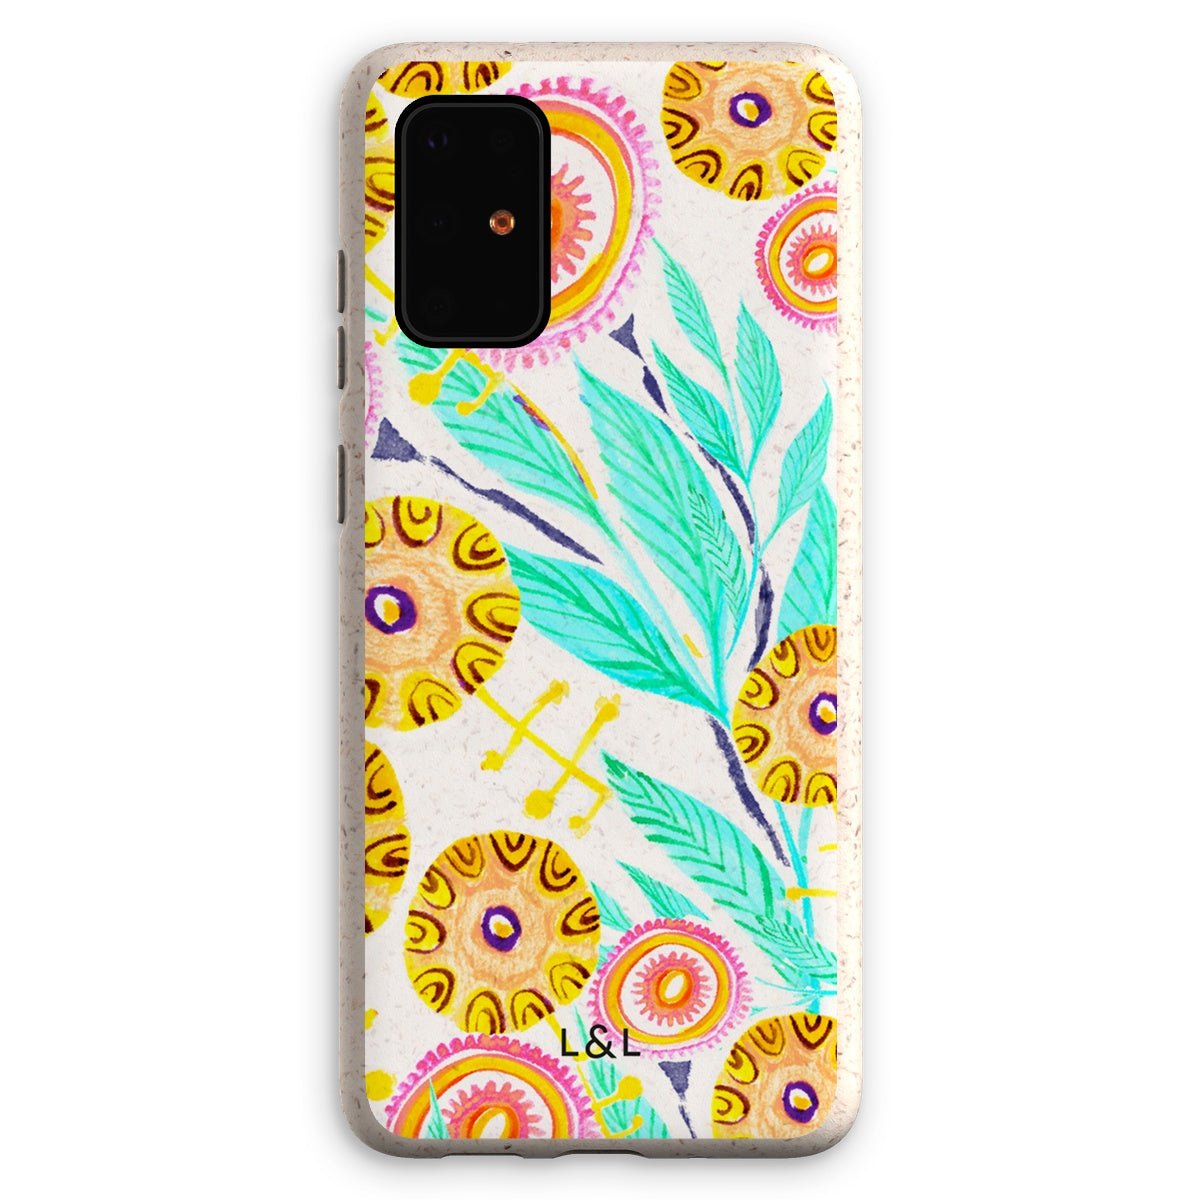 Floral Pattern Eco Phone Case - Loam & Lore
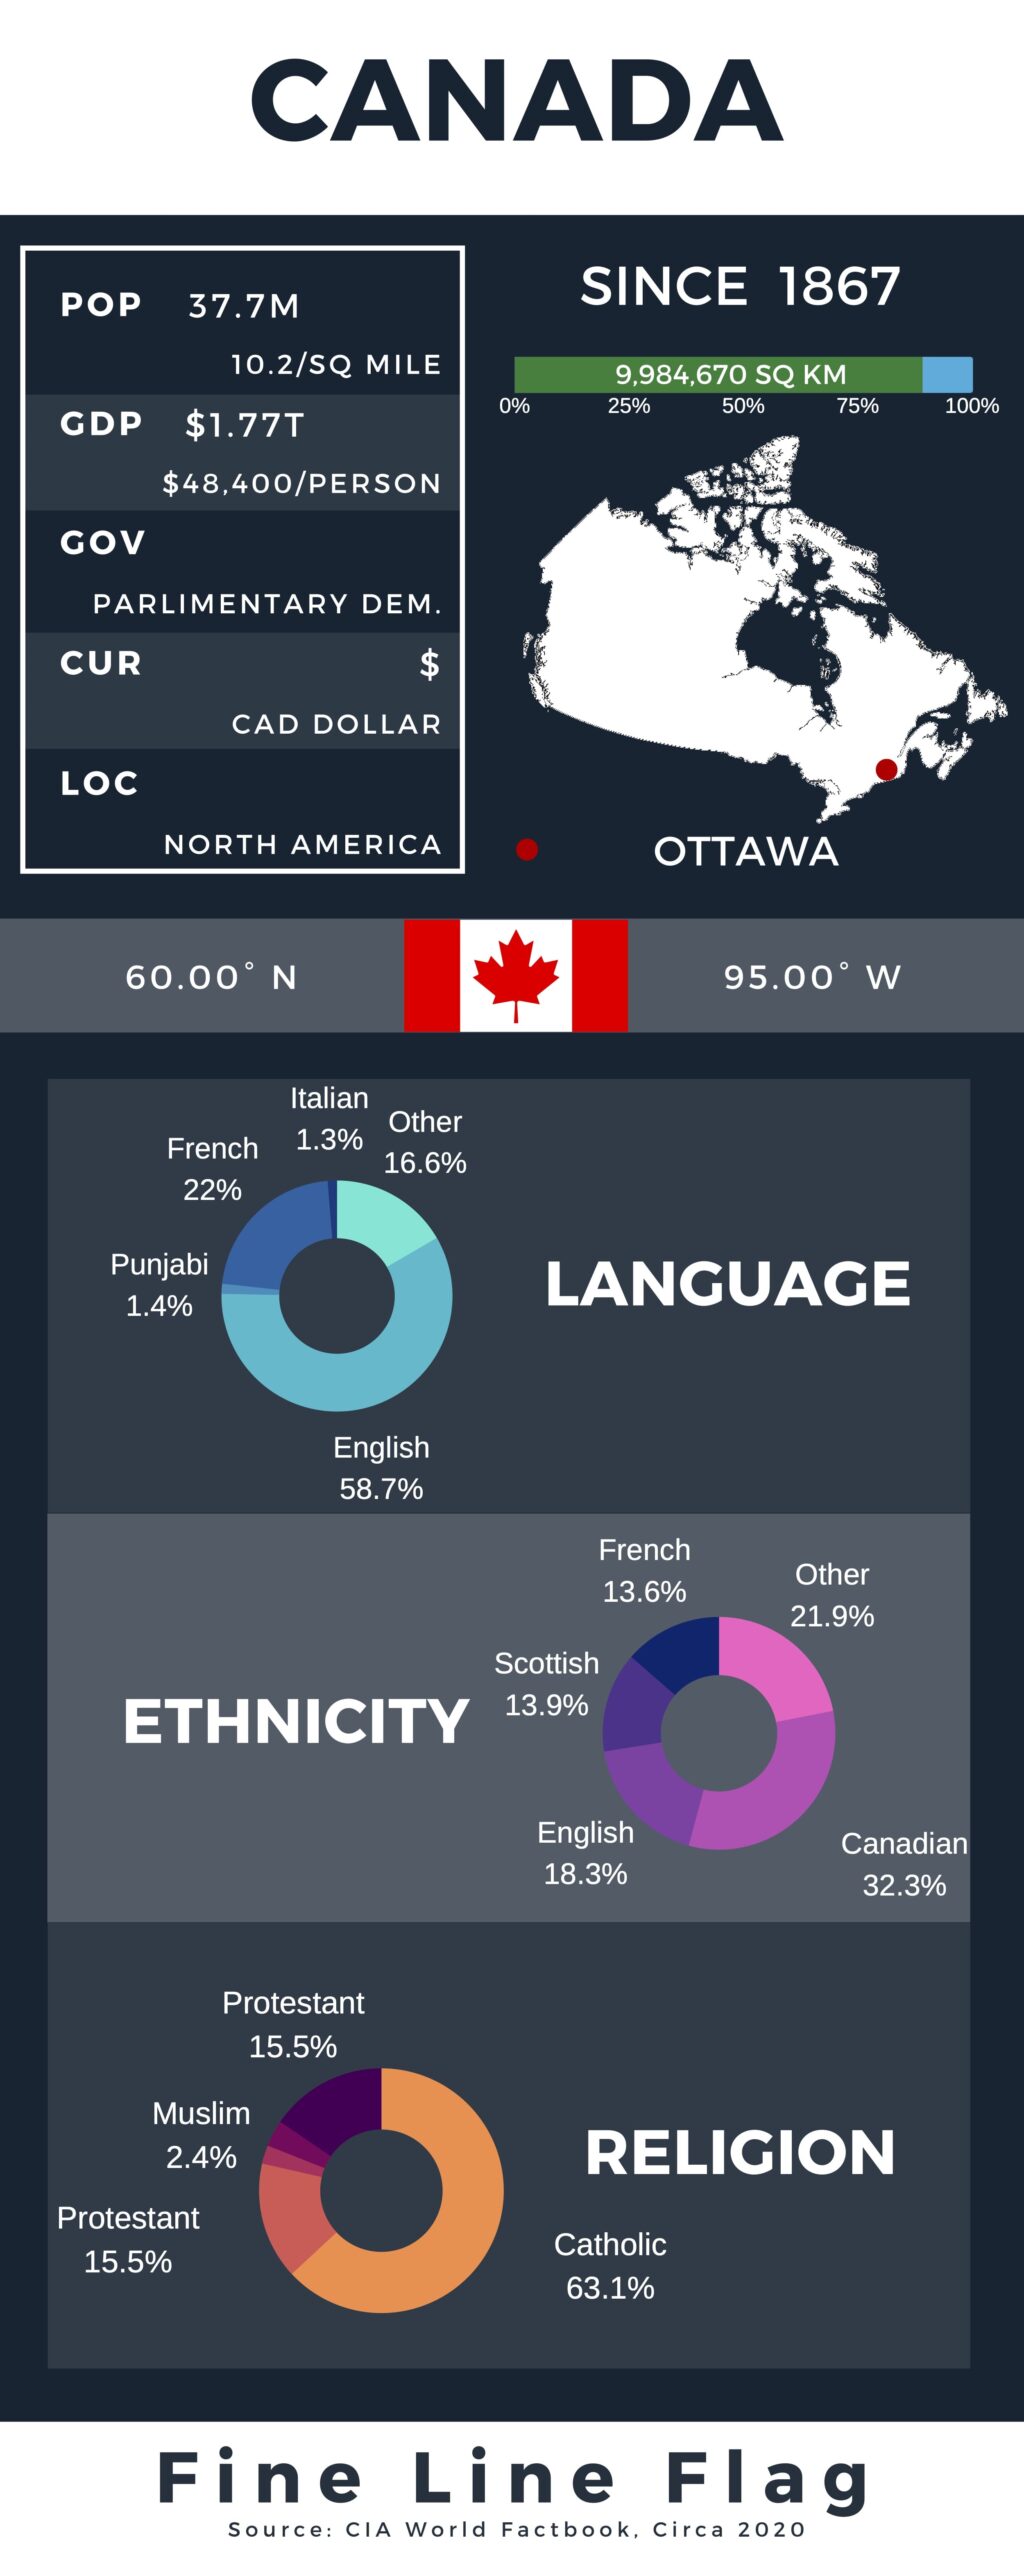 Canada Profile Infographic with statistics on government and people
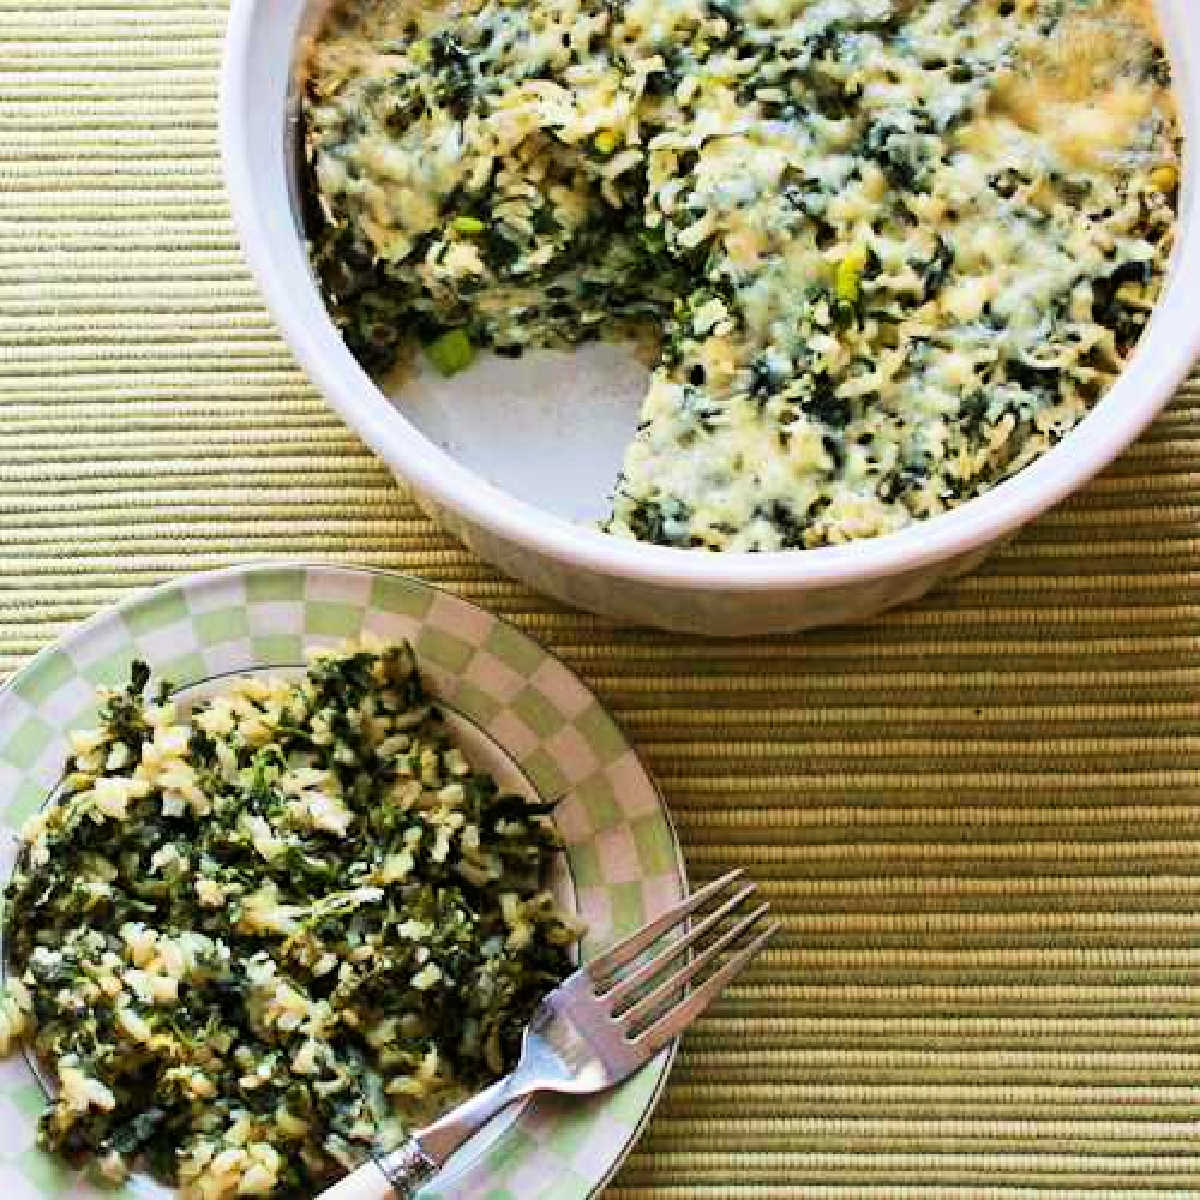 Square image for Spinach Feta Casserole with Brown Rice, one serving shown on plate with whole casserole in back.
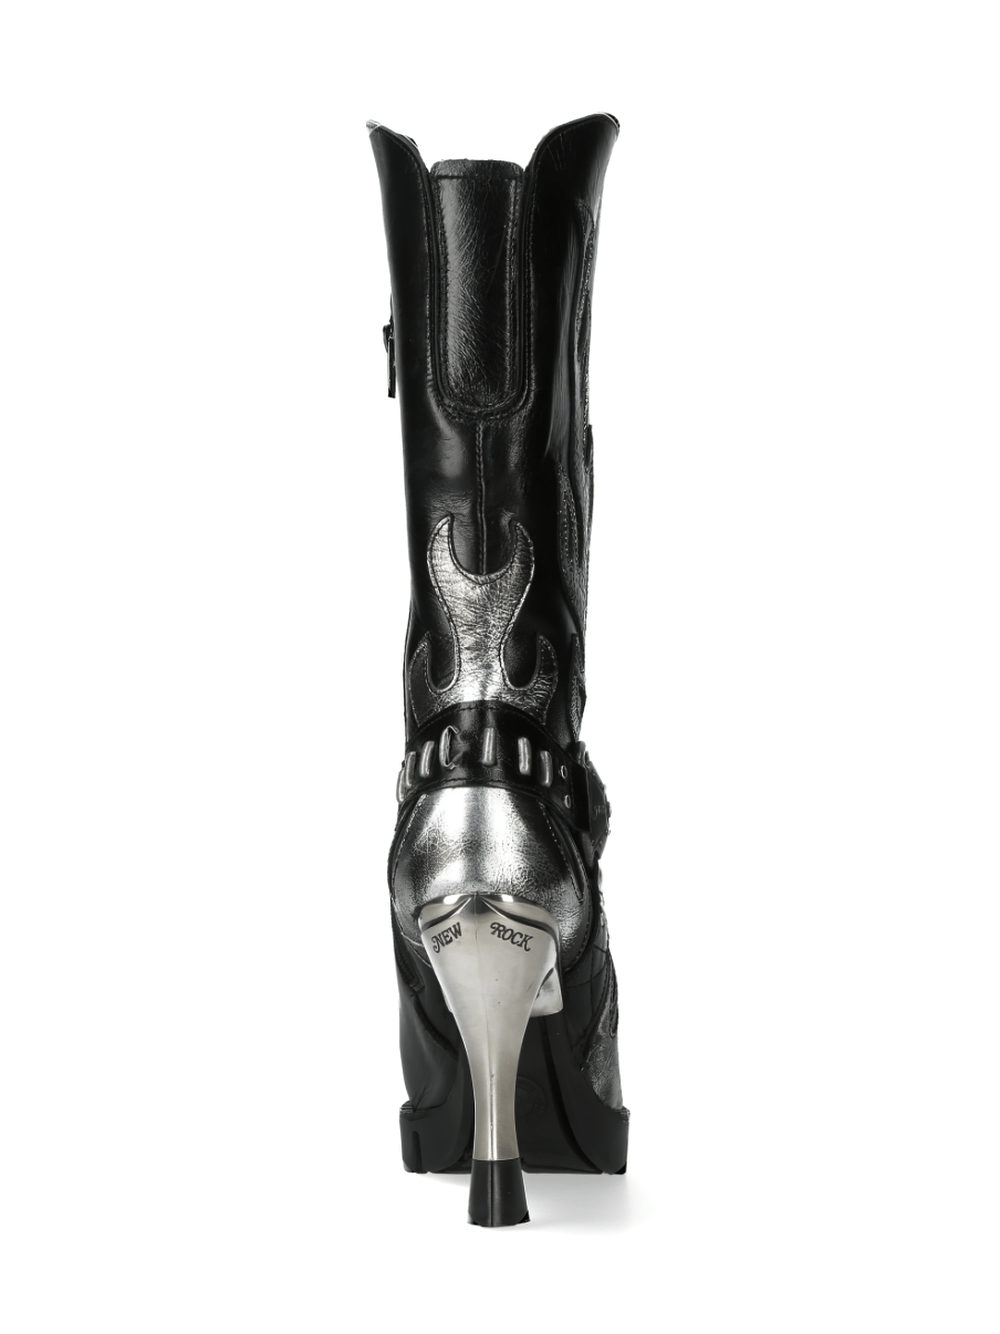 NEW ROCK Gothic Black Boots with Metallic Accents
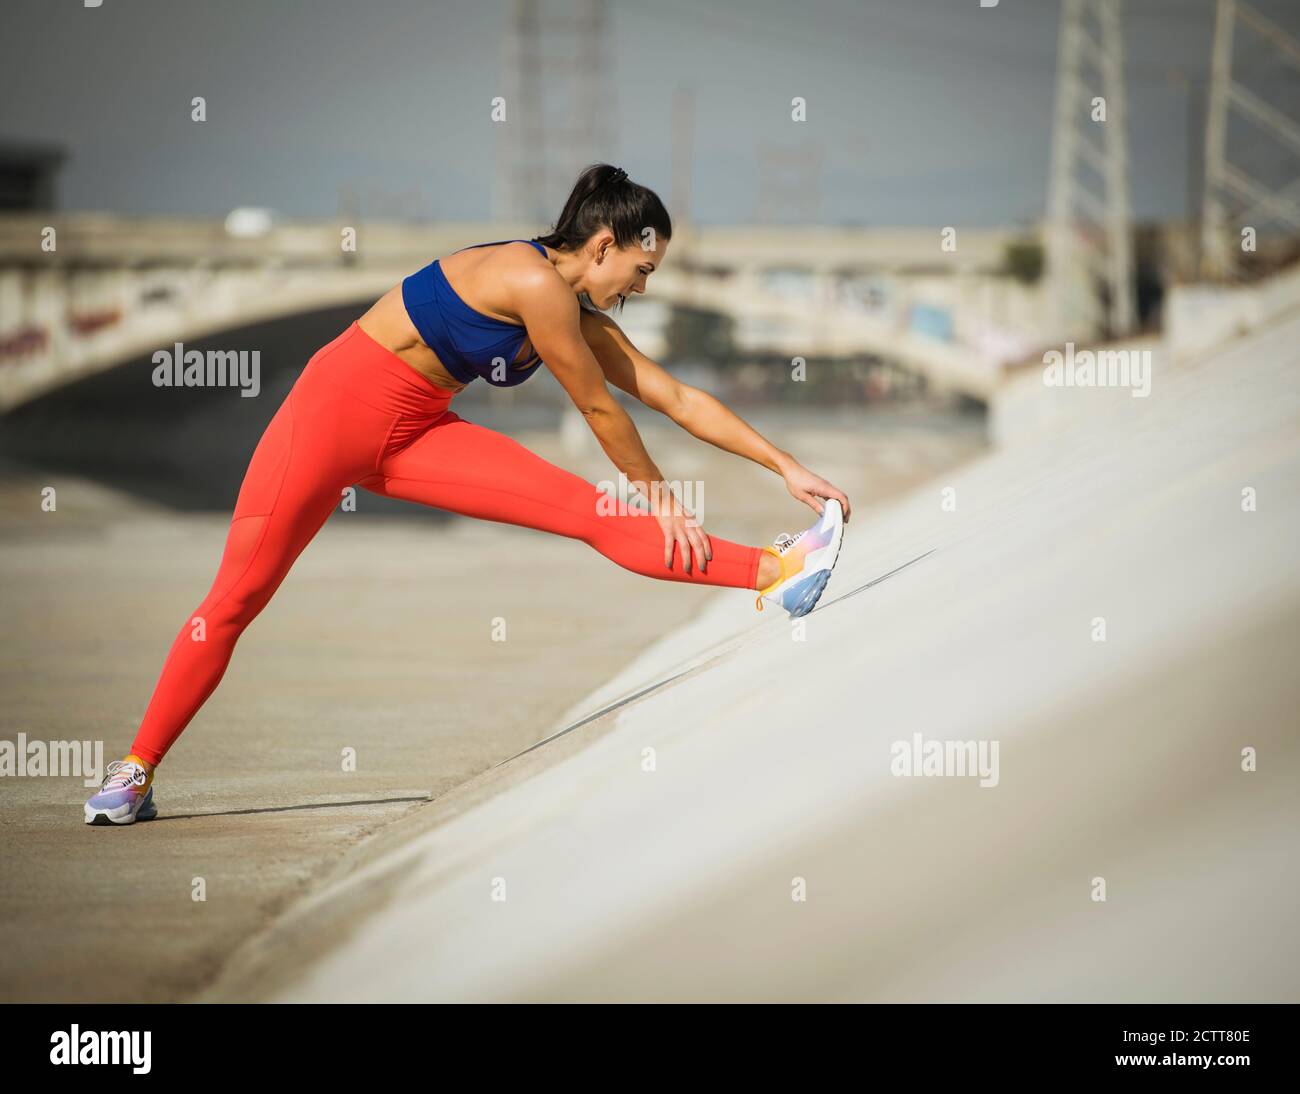 USA, California, Los Angeles, Sporty woman stretching in urban setting Stock Photo
○ ○ ○
- **Task description**
Word for word, set down each record shown above, omitting the pictures.

- **Result**
 Floral Pattern Eco Phone Case - Loam & Lore
 Canada Profile Infographic with statistics on government and people
 Square image for Spinach Feta Casserole with Brown Rice, one serving shown on plate with whole casserole in back.
 NEW ROCK Gothic Black Boots with Metallic Accents
 USA, California, Los Angeles, Sporty woman stretching in urban setting Stock Photo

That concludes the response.